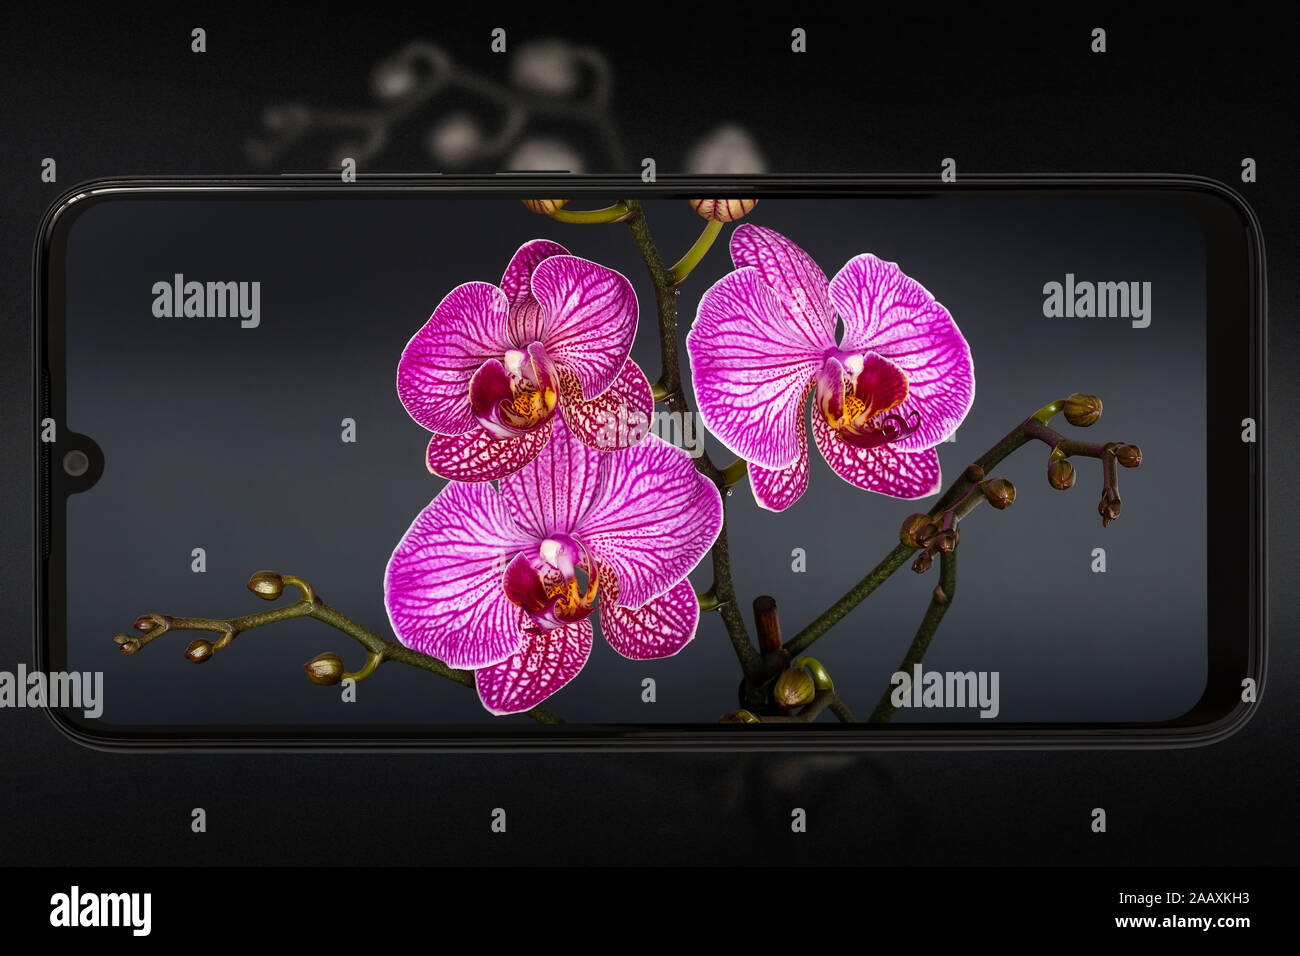 Purple orchids in the frame of a mobile phone as a photograph. The concept of a flower photograph. Stock Photo
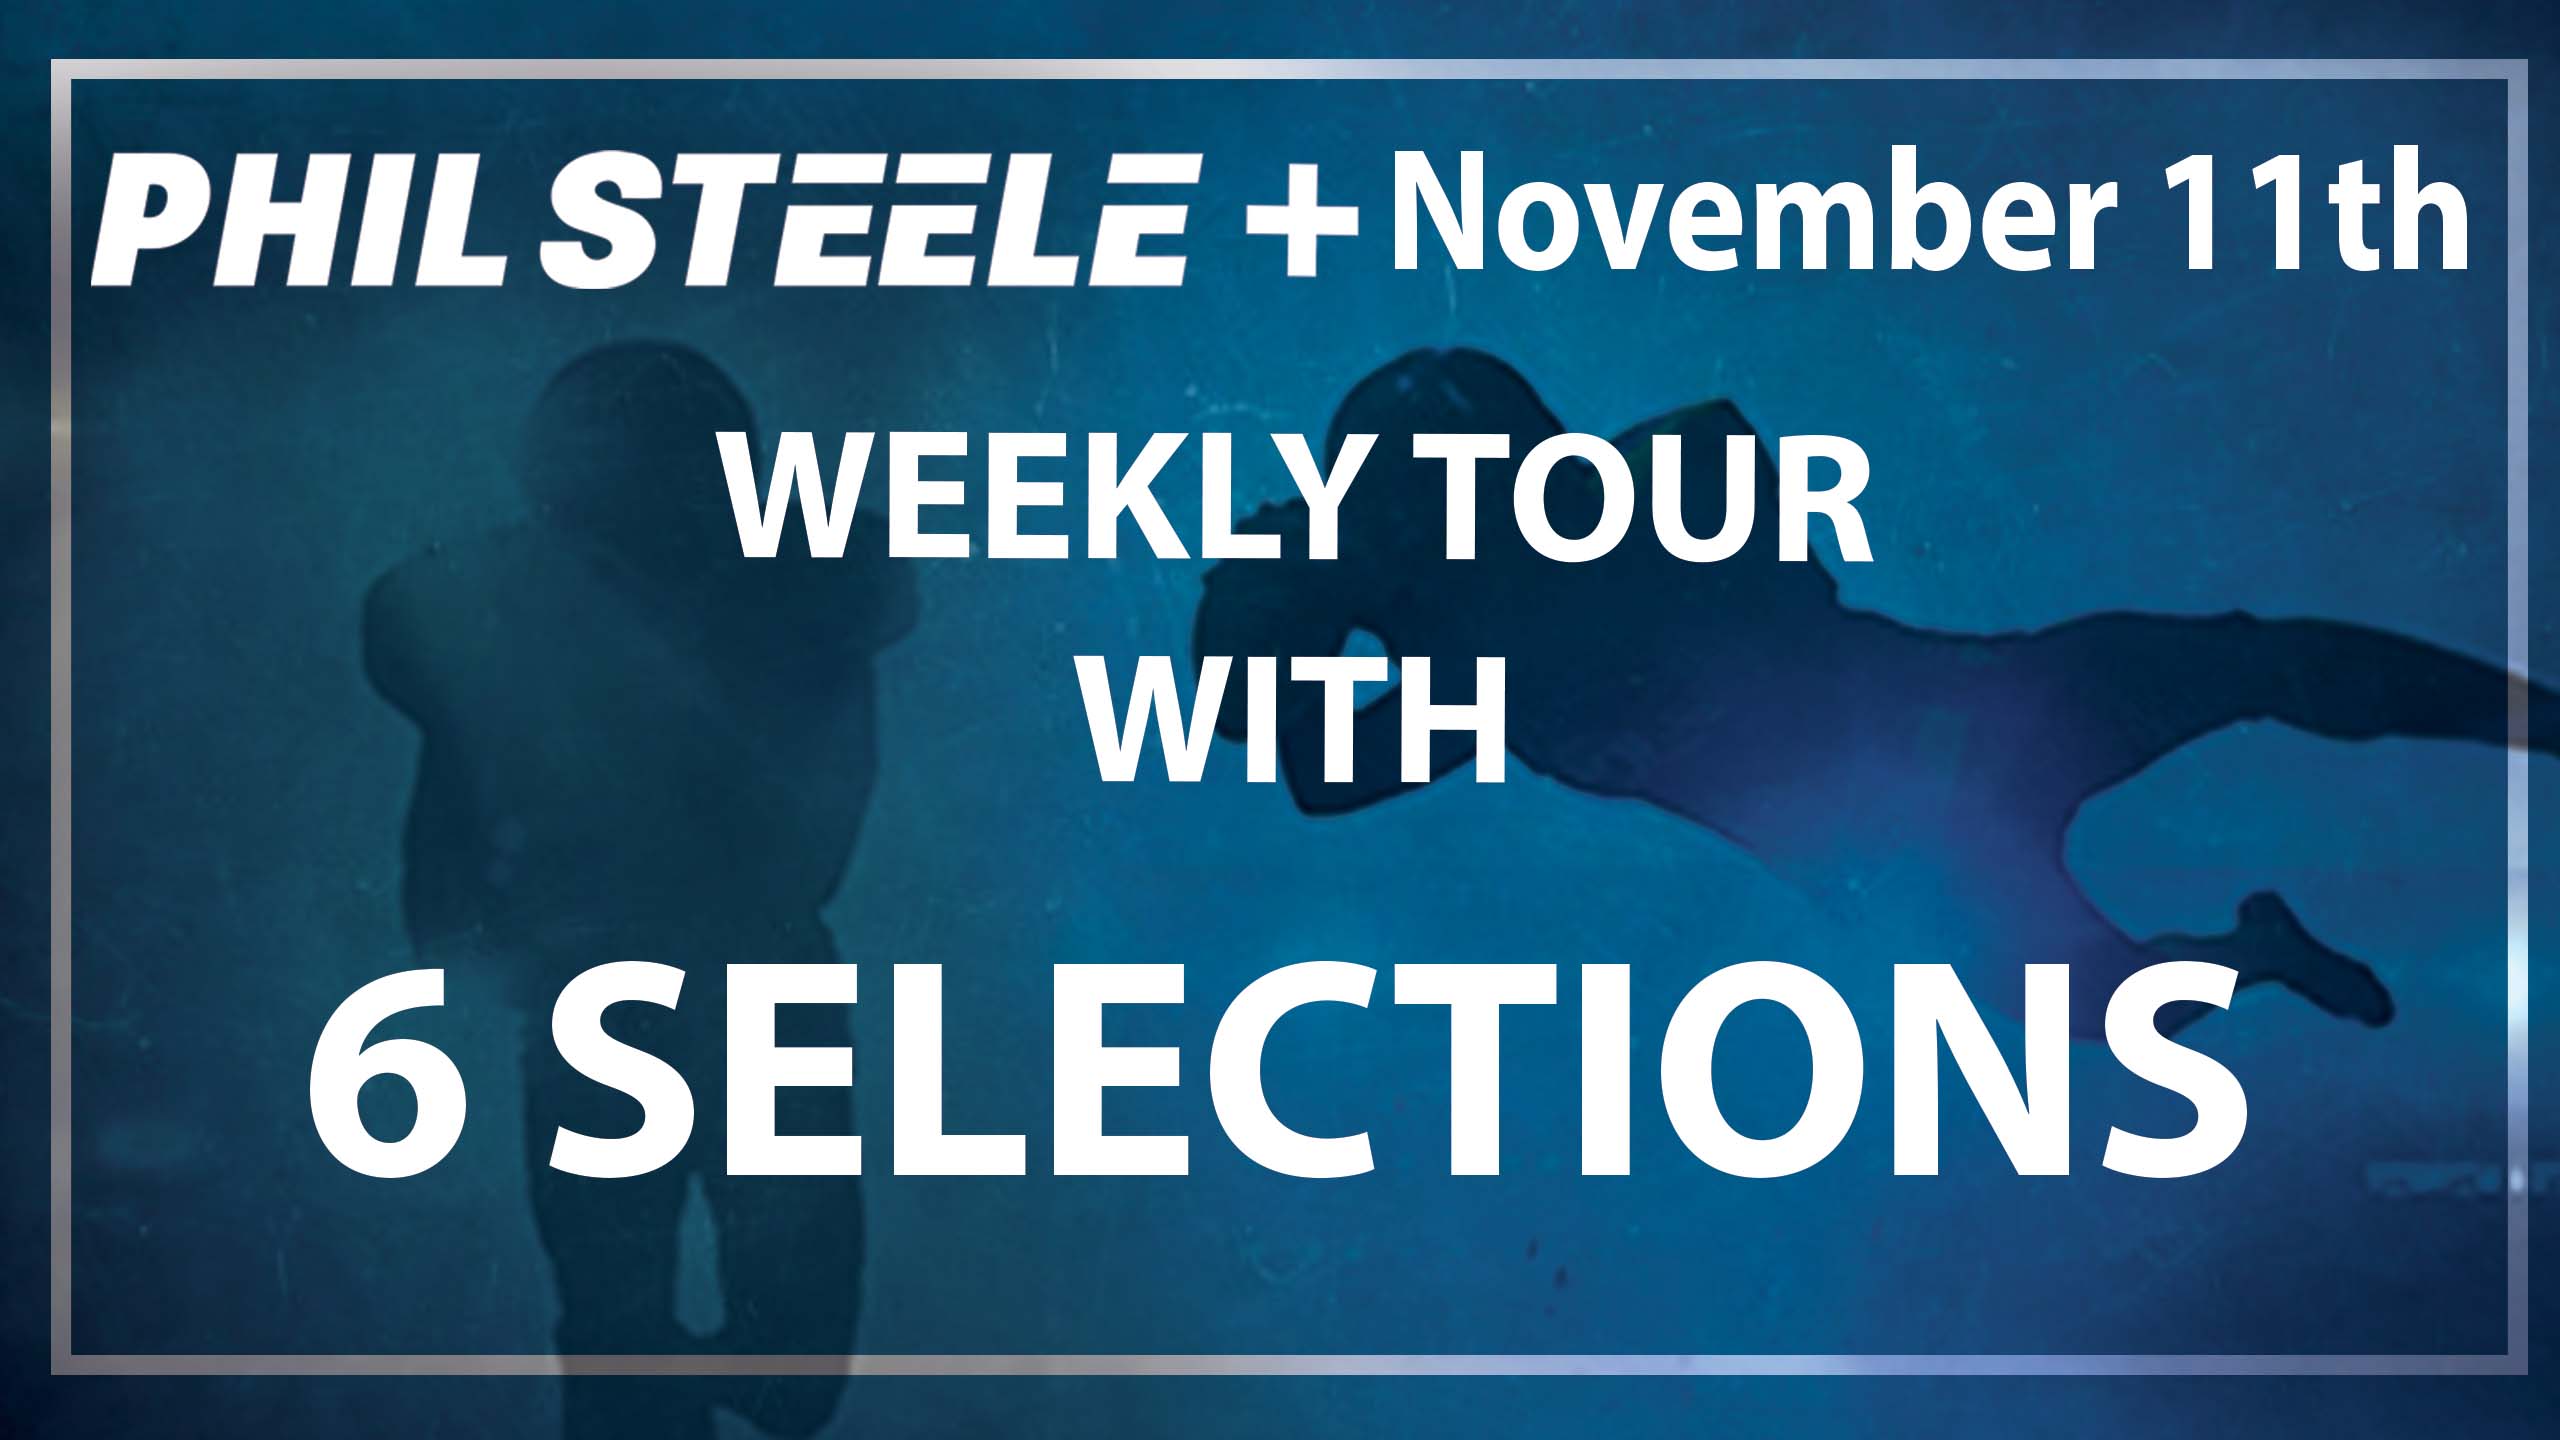 Phil Steele Plus Tour for Nov 11th with 6 Selections. Phil Steele
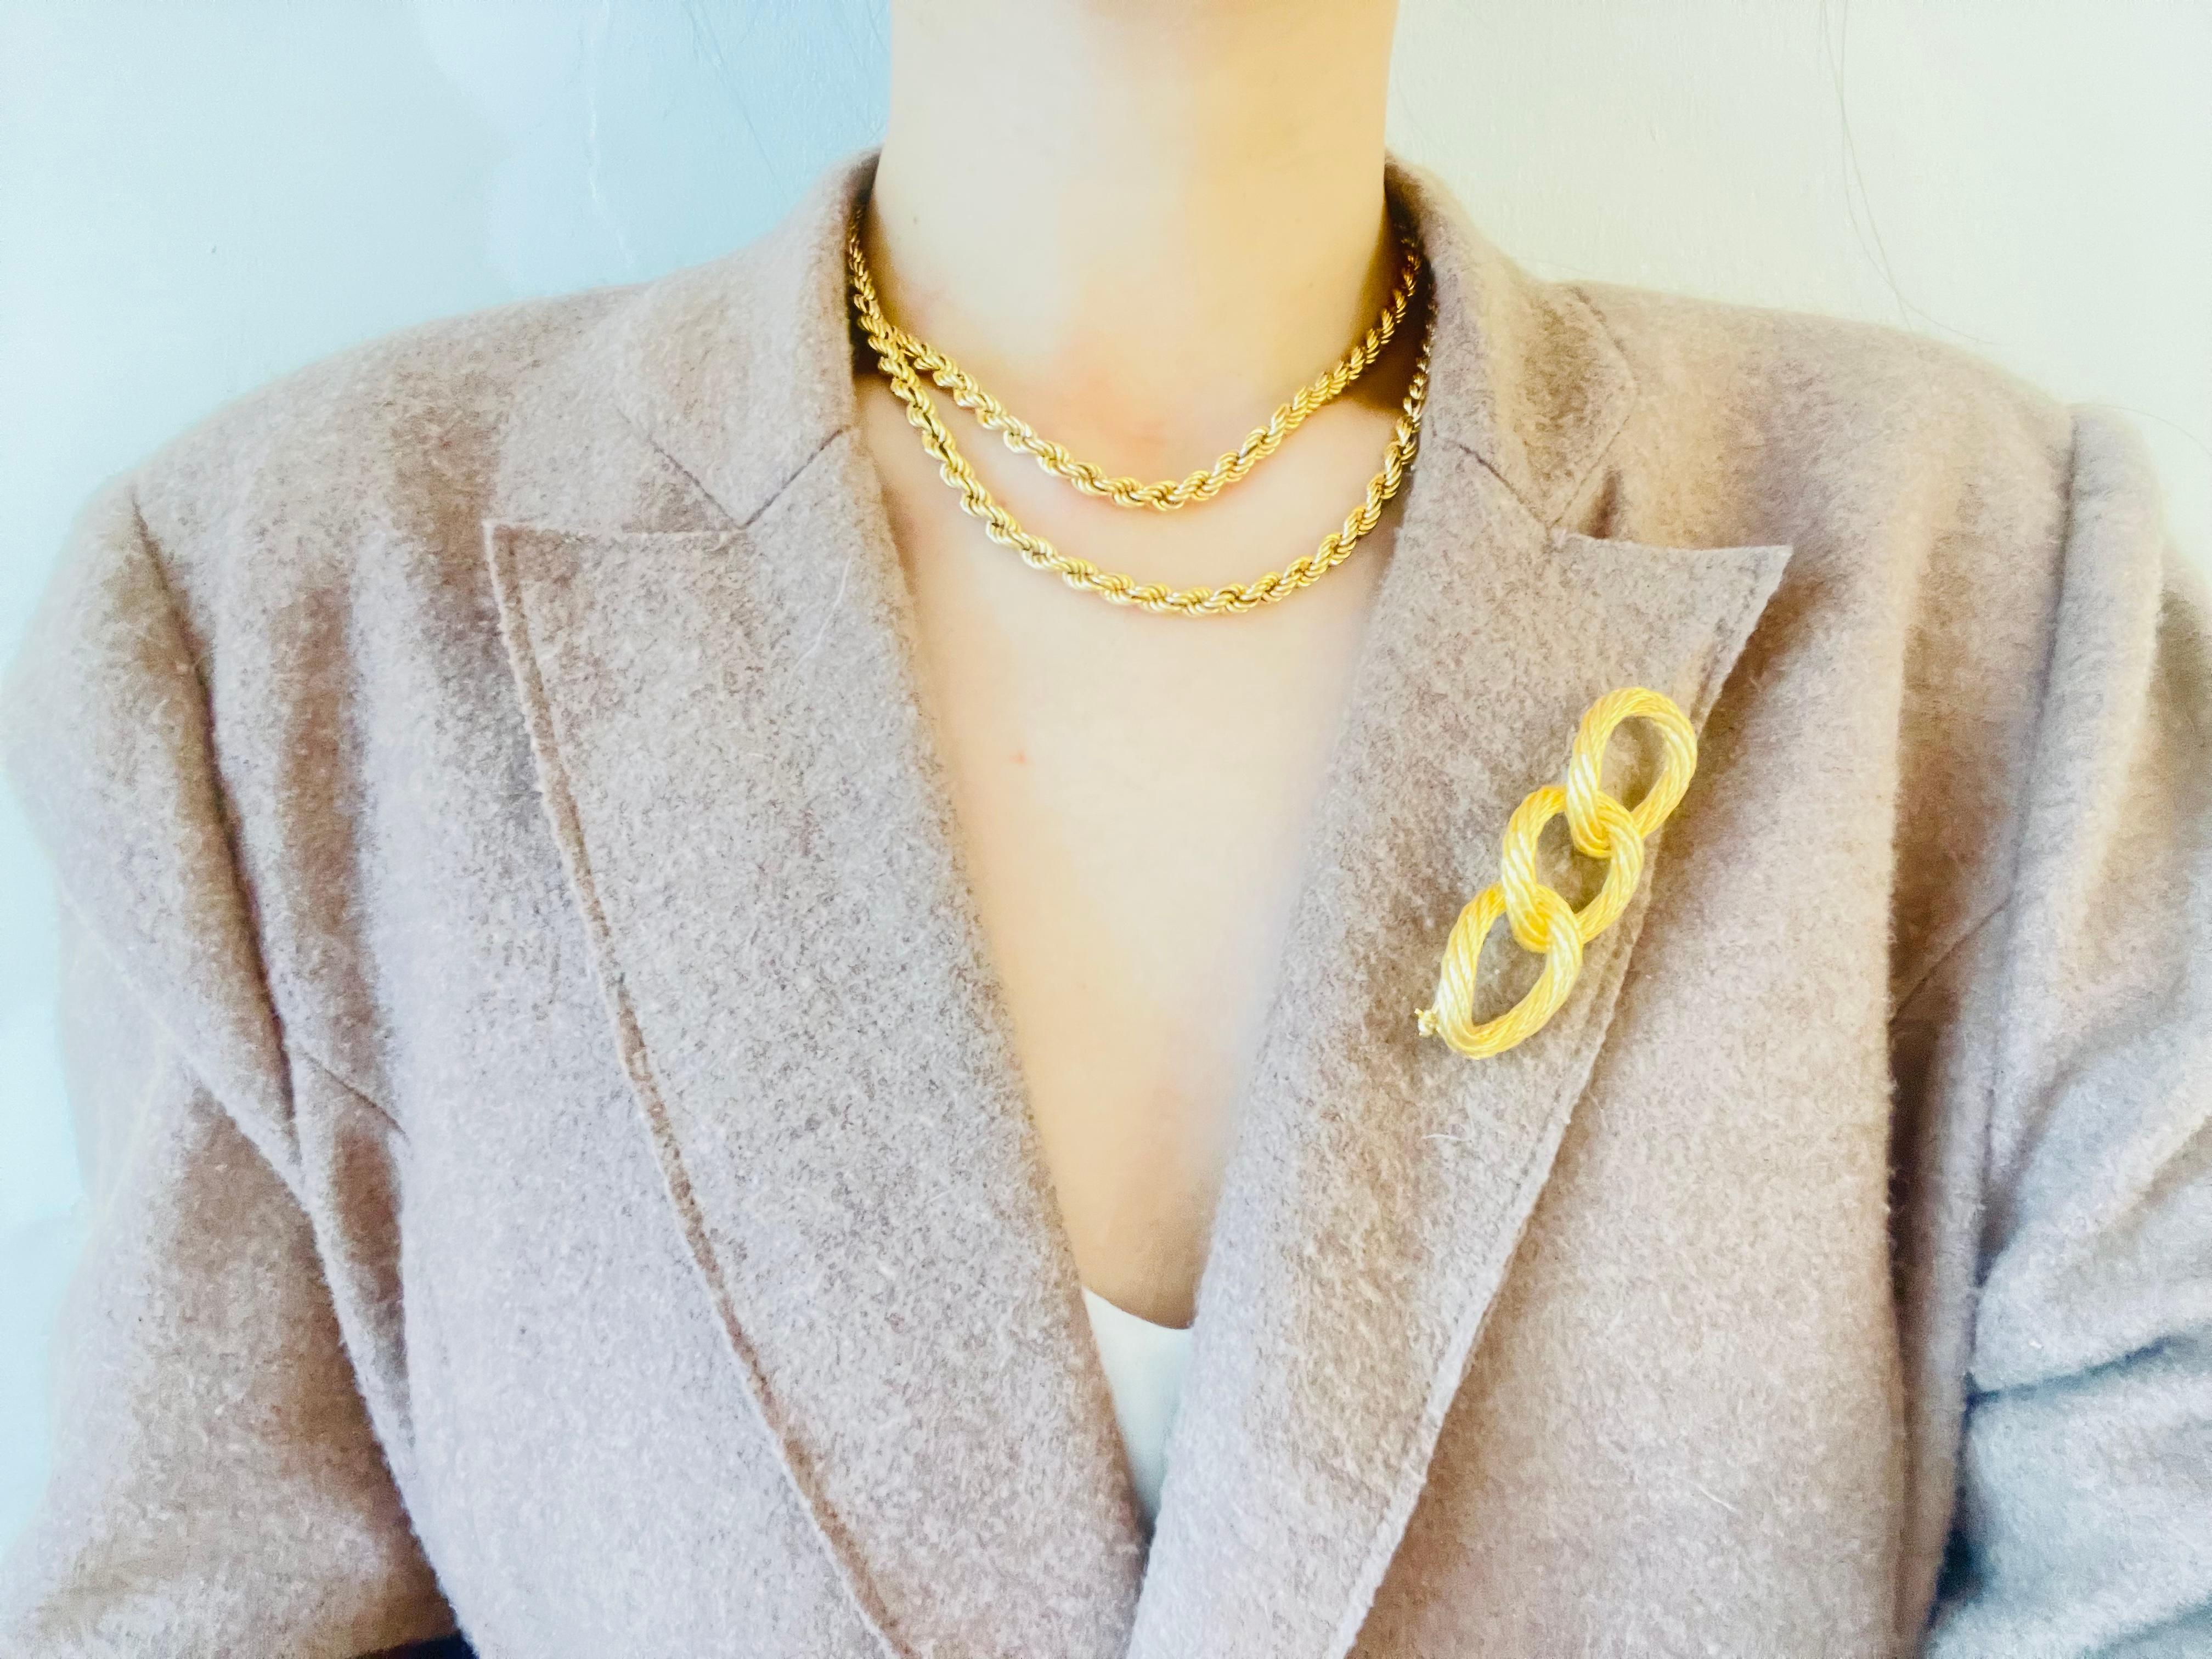 Christian Dior Vintage 1980s Versatile Twist Rope Chain Gold Long Necklace For Sale 3

#### About this task
Set the pictures aside and transcribe the data above exactly.

#### Exercise solution
 Purple orchids in the frame of a mobile phone as a photograph. The concept of a flower photograph. Stock Photo
 Phil Steele Plus Tour for Nov 11th with 6 Selections. Phil Steele
 Christian Dior Vintage 1980s Versatile Twist Rope Chain Gold Long Necklace For Sale 3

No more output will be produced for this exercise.